If you’re wondering why your nation is infertile, look in the mirror. Mutant sperm.

Your superpower is probably autism.

Superstitious minds

Mini post. Kinda. Why is Benedict Cumberbatch so ugly?

No really. If we’re doing red pill observations, humour me.


I mentioned before about old world superstitions forgotten in recent years.
As recently as my parent’s generation, they considered ugly children the product of sin, that God was punishing their parents for their sin. You can still find this info around if you look but they rarely dive into it.

You could say it’s about STDs but back then people rarely travelled and slept around enough to frequently catch them. The modern microbiome of the slut is more taxed. So what?

Back to the school mocking. If a child had always married parents but became ugly in the teens, questions would be asked openly and they would get teased about whether one or both parents had ever cheated. This is where we get the term bastard. It isn’t actually about bastards, it’s about ugliness. The ugliness of parental deceit.

You can pretty much tell when there’s a birth defect in a baby, the eyes look dull if it’s mental. It’s a known indicator of fatal defects.
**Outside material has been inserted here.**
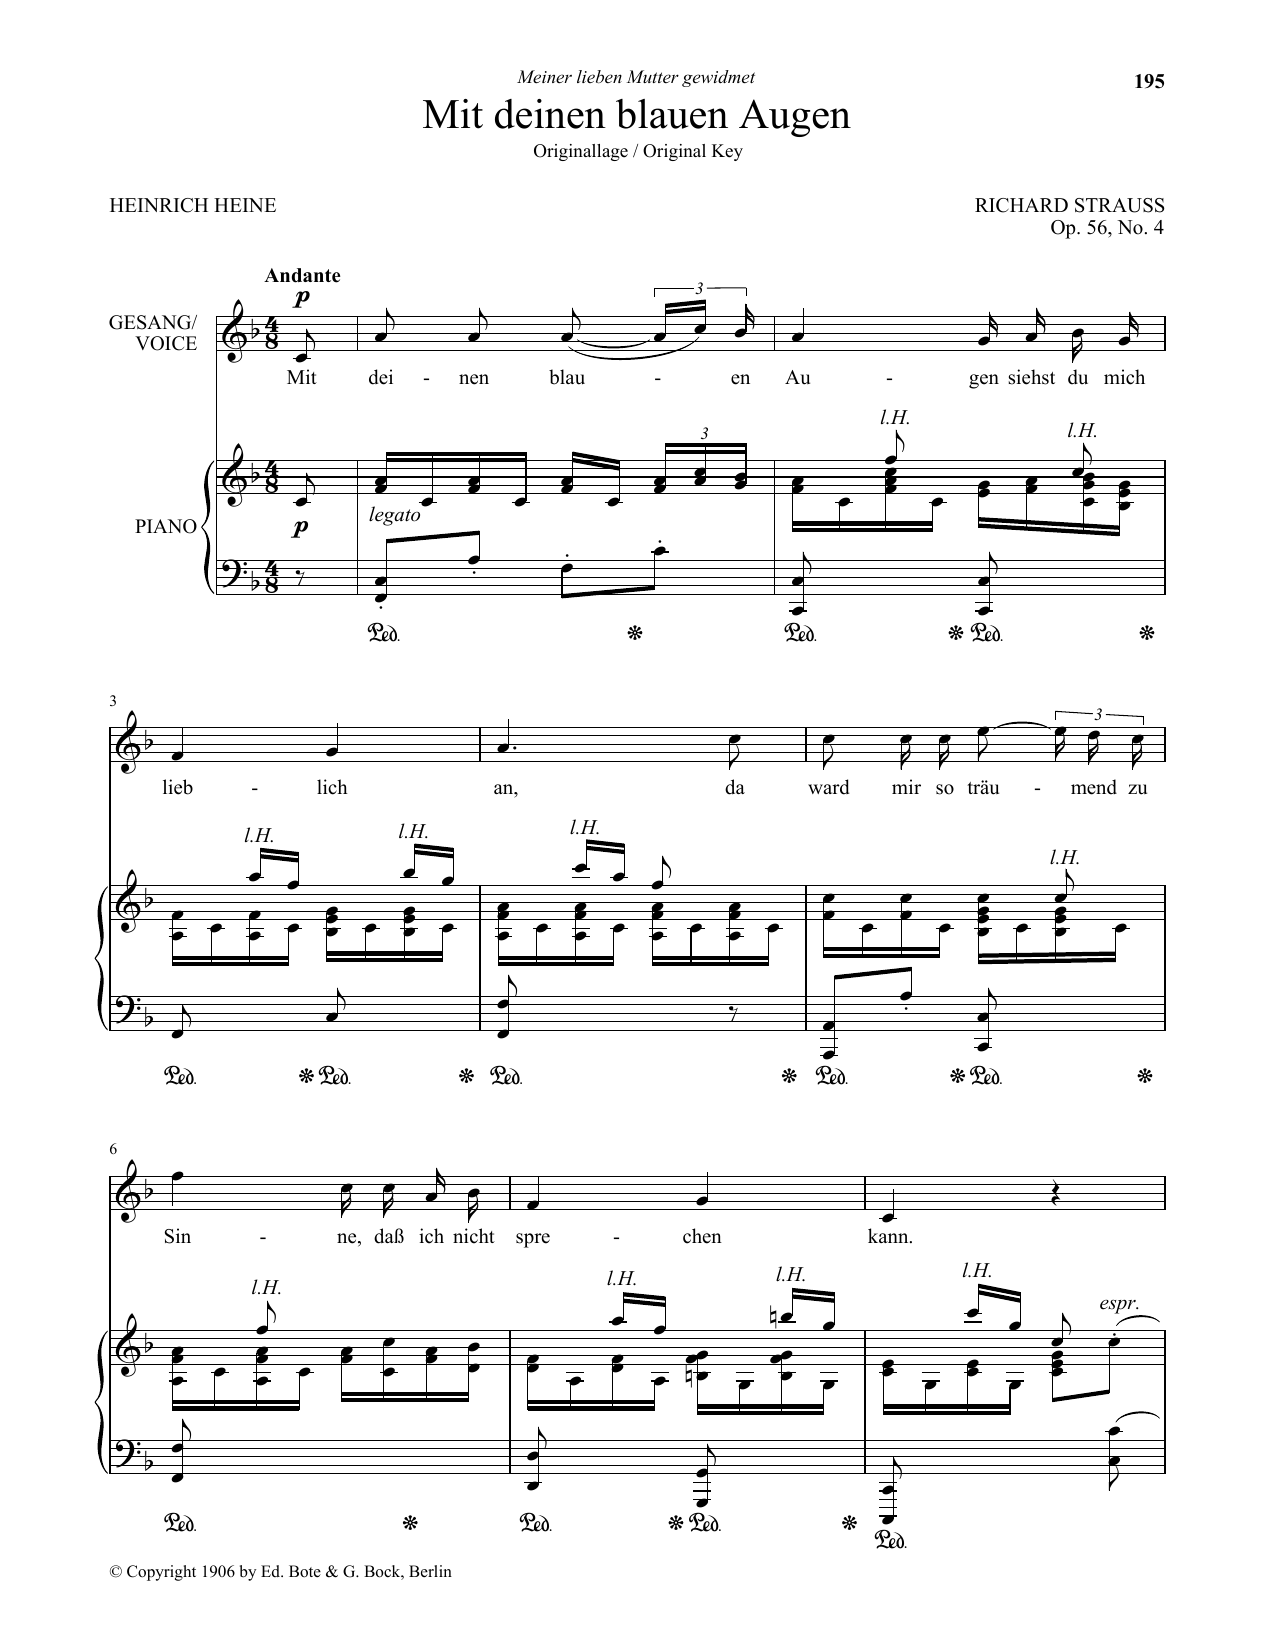 Richard Strauss Mit Deinen Blauen Augen (Low Voice) Sheet Music Notes & Chords for Piano & Vocal - Download or Print PDF

https://www.sciencedirect.com/science/article/pii/S1875957214001703

2015 Birth Defects in the Newborn Population: Race and Ethnicity

Overall birth defect prevalence was 29.2 per 1000 in a cohort of 1,048,252 live births, of which 51% were Caucasians.

Full white or mongrelised? Let’s assume pureblood despite America (mixed white, mostly). American whites are on average less attractive as white blended than single nation counterparts, even living in America. Models tend to come from homogeneous national areas, (i.e. subrace) a finding that is known to apply to white settlers in Brazil to this day, they send scouts. Specifically.

https://www.thecut.com/2010/06/model_scouts_find_more_than_ha.html

Compared with Caucasians, the risk of overall birth defects was lower in African–Americans (relative risk = 0.9, confidence interval 0.8–0.9) and Hispanics (relative risk = 0.9, confidence interval 0.8–0.9).

Failure to consider abortions for “no” reason or gender as defective. Selection bias. A lot of those already had abortions because they’re high abortion groups!

The risk of overall birth defects was similar in Caucasians and Asians. Relative to the Caucasians, African–Americans had a lower risk of cardiac, genitourinary, and craniofacial malformations but a higher risk of musculoskeletal malformations. Hispanics had a lower risk of genitourinary and gastrointestinal malformation. Asians had a higher risk of craniofacial and musculoskeletal malformations.

Didn’t control for proportion in the population, then non-whites are way ahead.

Craniofacial = ugly. 

Musculoskeletal = ugly. Well, dumpy.

Unless you’re going to argue a big is beautiful for literal birth defects?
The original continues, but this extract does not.